В нашем Отечестве никакие организмические теории надорганизменных систем никогда не имели сколько-нибудь заметного успеха, в том числе и по идеологическим мотивам. Реальность сукцессии никто не отрицал: трудно отрицать очевидное (Марков, 1962; Работнов, 1983; Миркин, Наумова, 1984; Миркин и др., 2001), - но по поводу природы этих процессов, да и их субъектов - фитоценозов - баталии велись "не на живот, а на смерть". Обычно теорию Ф.Э. Клементса оценивали (если вообще упоминали), как "сложное и отчасти противоречивое сплетение законченных, предположительных, строго установленных и эмпирических научных идей и фактов. Краеугольным камнем этого является учение о растительных сообществах как организмах" (Трасс, 1976: 95). Первый "невидимый коллектив" "клементсианцев" в России сложился лишь в 60-х г.г. прошлого (XX) века (уже после смерти Ф.Э. Клементса, последовавшей в 1945 г.) вокруг СМ. Разумовского - ученика П.А. Смирнова и А.А. Уранова по кафедре геоботаники МГУ (Киселёва, Чертов, 1999). (Ни тот, ни другой из его учителей "кле-ментсианцами" не были). В эту ячейку входили, кроме самого Станислава Михайловича, К.В. Киселева из Ботанического сада МГУ, М.А. Лабунцова, Т.И. Дыбская и В.С Житков из Главного Ботанического сада АН СССР (ныне РАН) (где тогда служил и СМ. Разумовский), А.П. Расницын из ПИНа. В 70-х гг. к ним присоединилась часть сотрудников А.А. Уранова по Ленинскому пединституту (МГПИ, ныне МПГУ): О.В. Смирнова, Л.А. Жукова, Р.В. Попадюк, Л.Б. Заугольнова, энтомологи из Института эволюционной морфологии им. А.Н. Северцова (ИЭМЭЖ АН СССР, ныне ИПЭЭ РАН) А.Л. Тихомирова со своими учениками Л.Б. Рыбаловым и А.Б. Рыбкиным, А.А. Тишков из Института географии АН СССР (ныне РАН), и почвовед О.Г. Чертов из Питера. В 80-х гг., когда Станислав Михайлович получил лабораторию в Госкомгидромете, к ним добавились Т.О. Яницкая, В.Н. Короткое, Л.Л. Киселёва, Д.О. Логофет и др.

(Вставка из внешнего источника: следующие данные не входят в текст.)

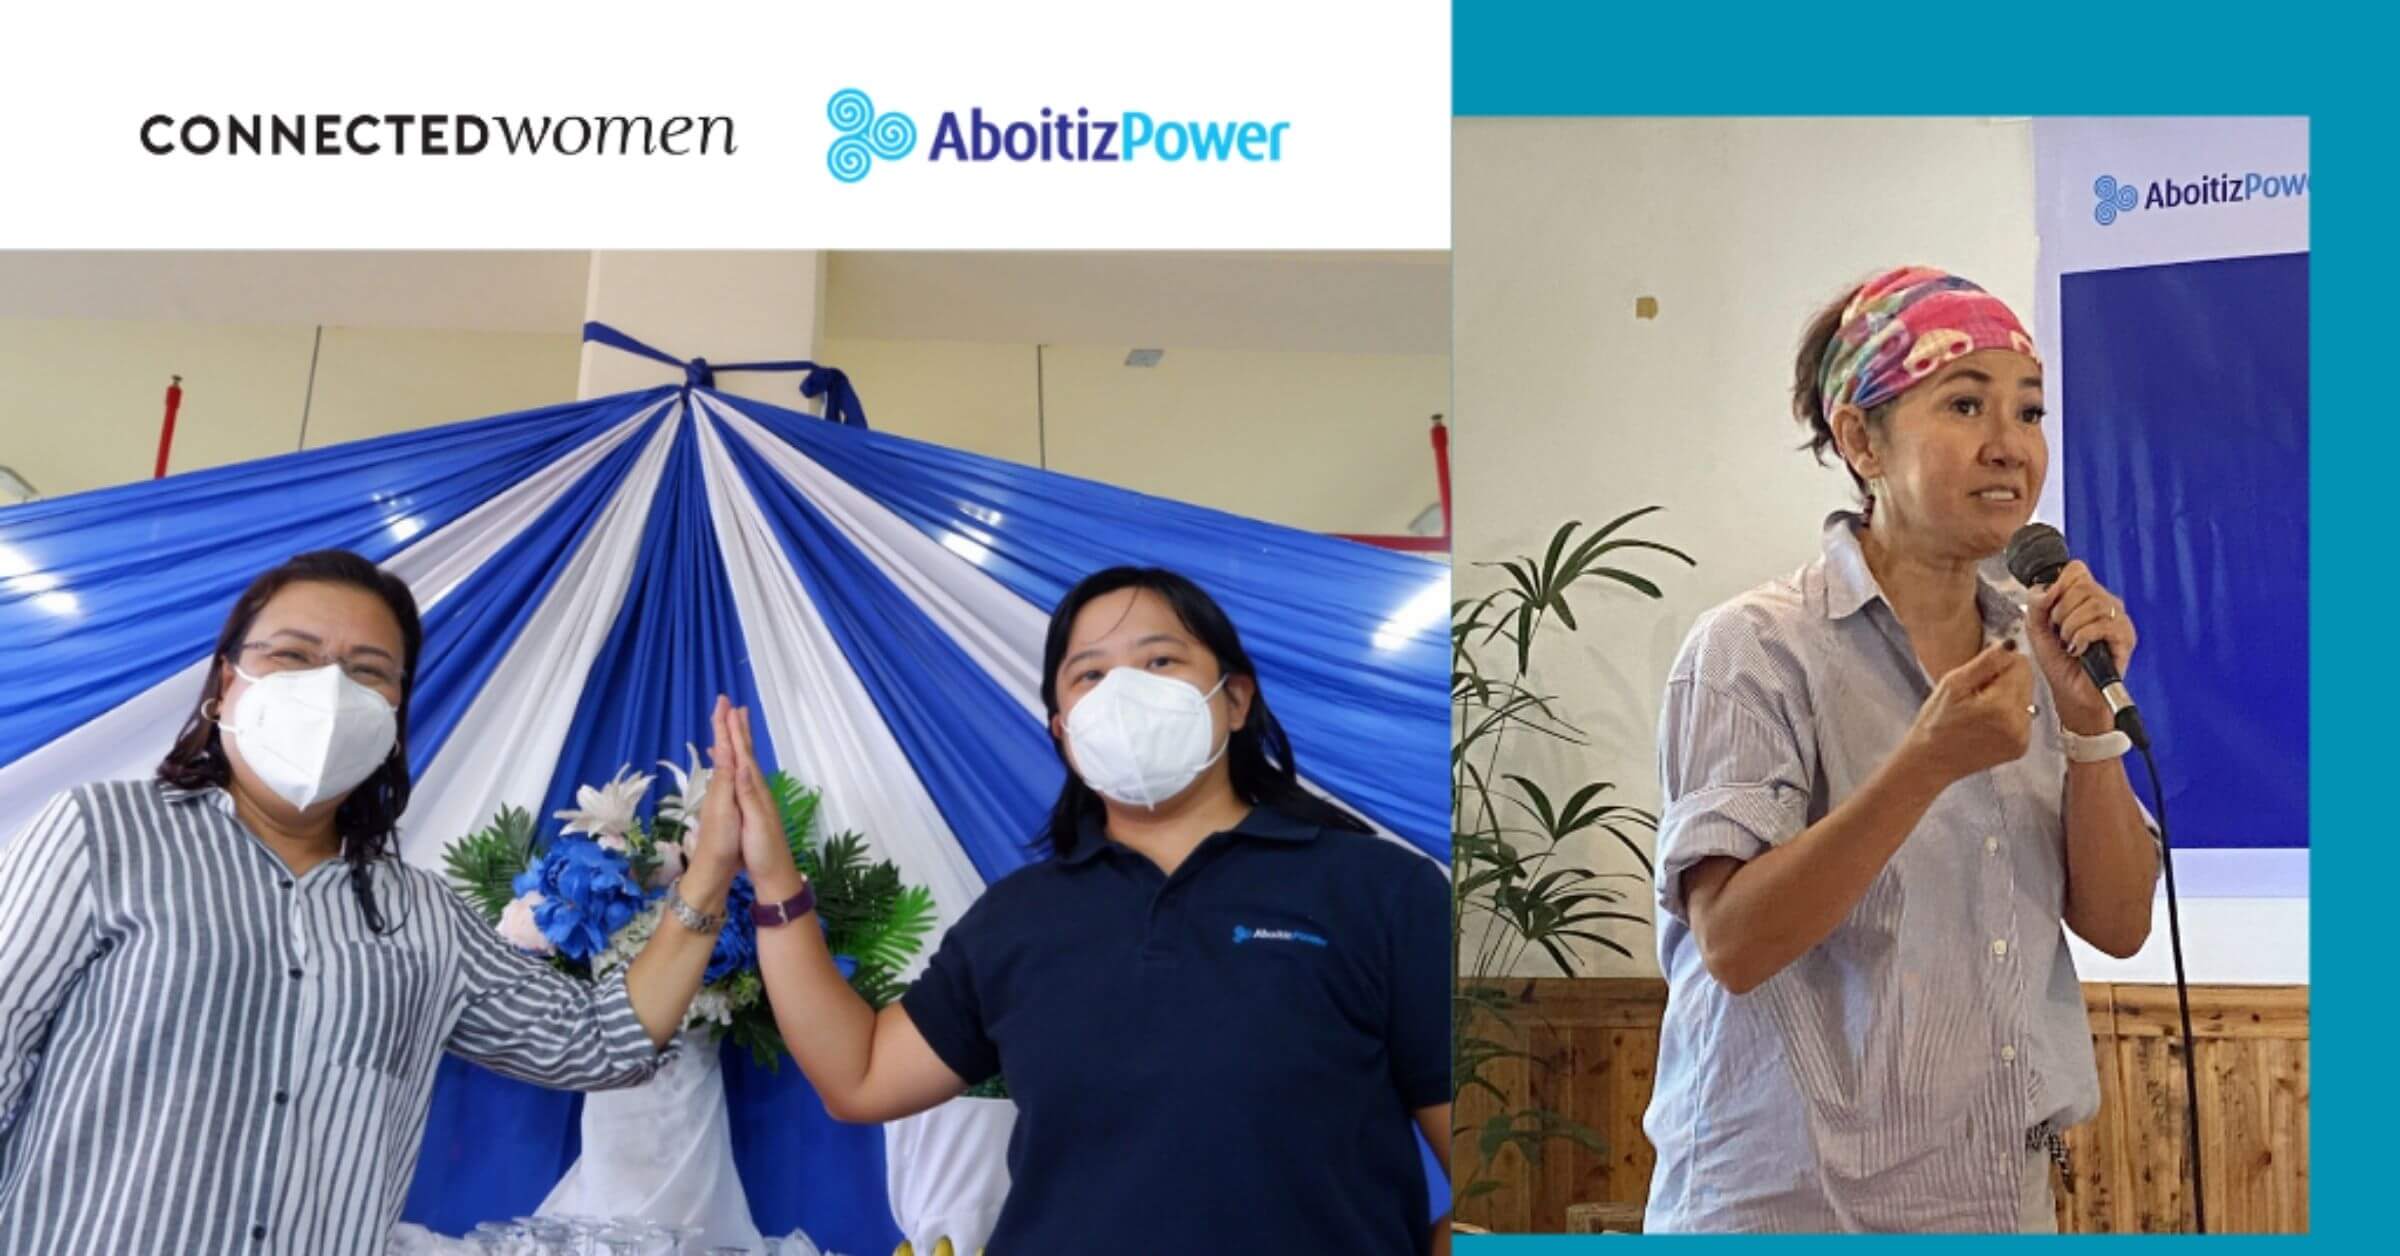 (From left) Toledo City Mayor Marjorie “Joie” Perales, AboitizPower Coal Business Unit Vice President for Corporate Services Ginger Tanchi and Connected Women co-founder Ruth Yu- Owen at the MOA signing in Barangay Bato in Toledo City last March 23, 2022.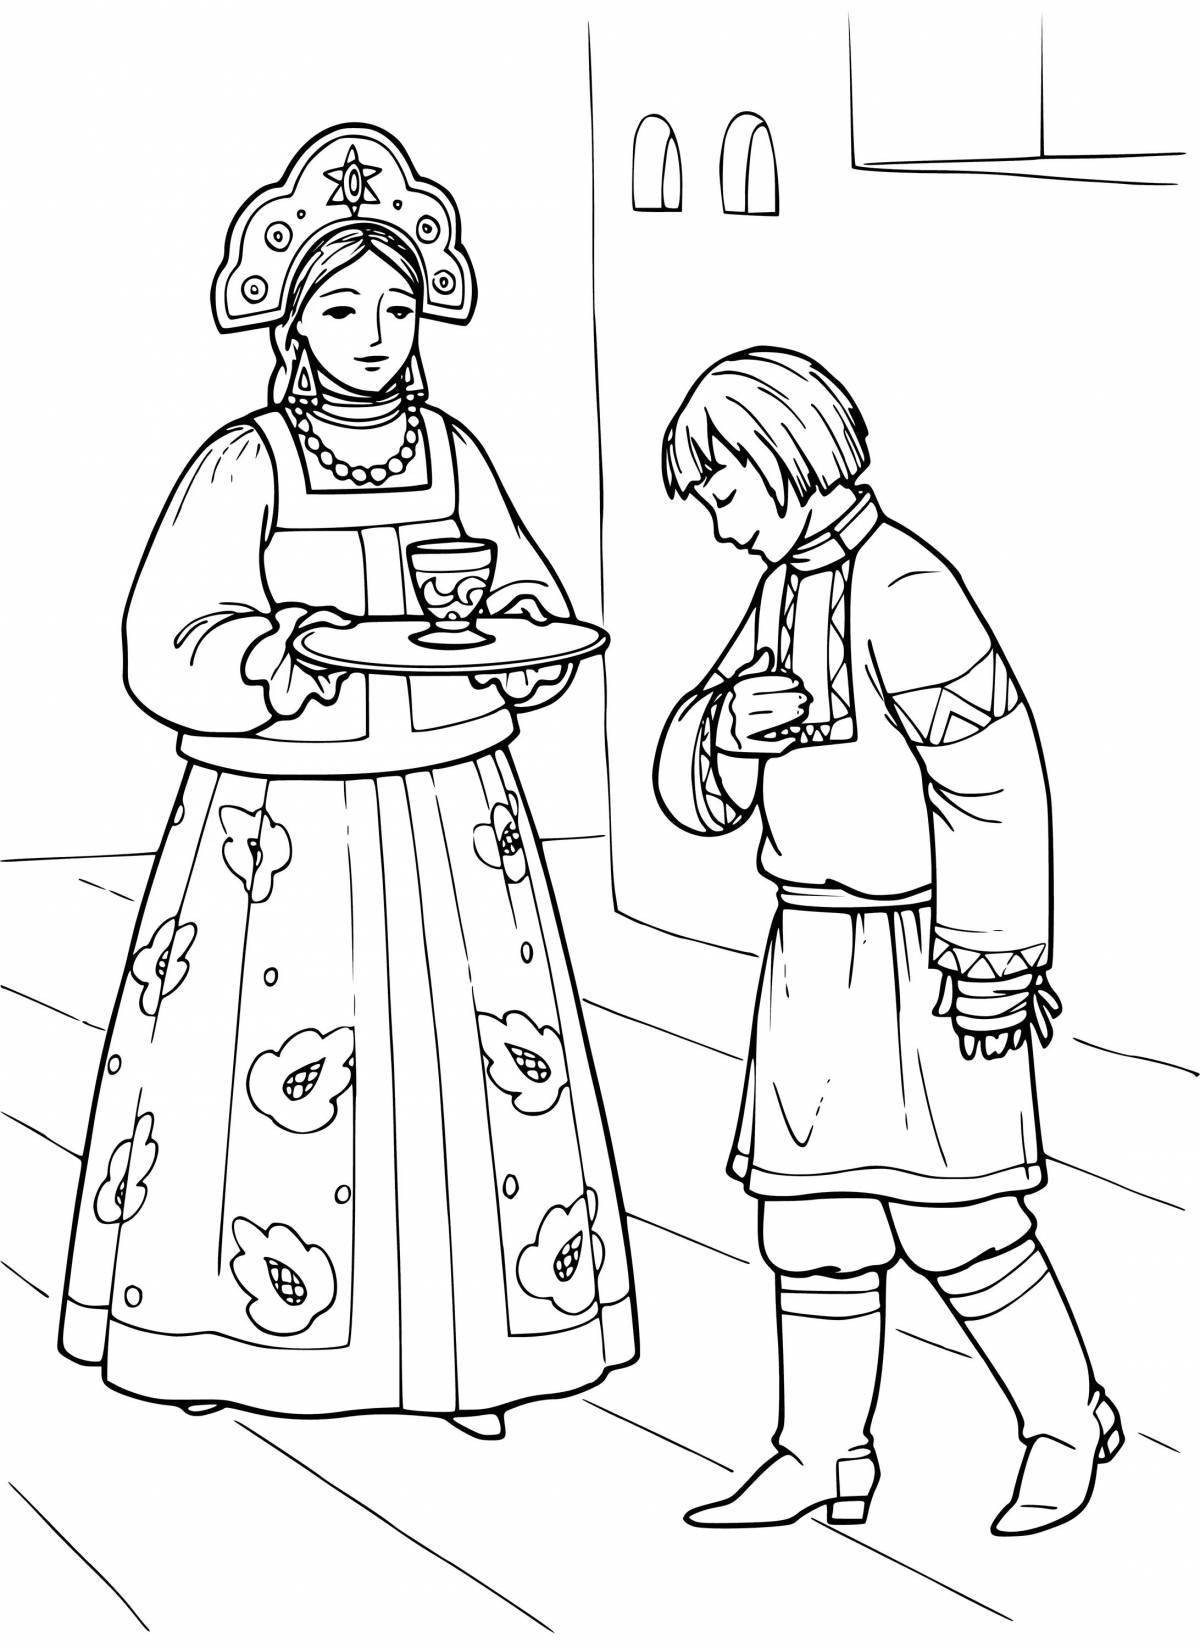 Coloring book shiny Russian costume

Особенно быстрым рост "невидимого коллектива" стал после перехода части его членов в Центр по проблемам экологии и продуктивности лесов АН СССР (ныне РАН) и основания кафедры системной экологии Пущинского университета, где под "крылом" А.М. Молчанова (директора Института математических проблем биологии Пущинского центра биологических исследований АН СССР (ныне РАН), а заодно ректора Пущинского университета) они организовали "колонию". С самого начала основания Пущинского университета эволюционную биоценологию в нём читал Владимир Васильевич.

Однако противная сторона - континуалисты - настолько многочисленны, сильны, "ревнивы", а некоторые и чиновны, что наши "организмисты" (которые, конечно, уже не верят в лобовую параллель фитоценоза с организмом, как это делал Ф.Э. Клементе) и поныне чувствуют себя особого рода "андеграундом". Например, стараясь "не дразнить гусей", иной раз не упоминают в своих книгах ни Ф.Э. Клементса, ни СМ. Разумовского, даже в списках литературы (Восточноевропейские.., 1994; Сукцессионные.., 1999).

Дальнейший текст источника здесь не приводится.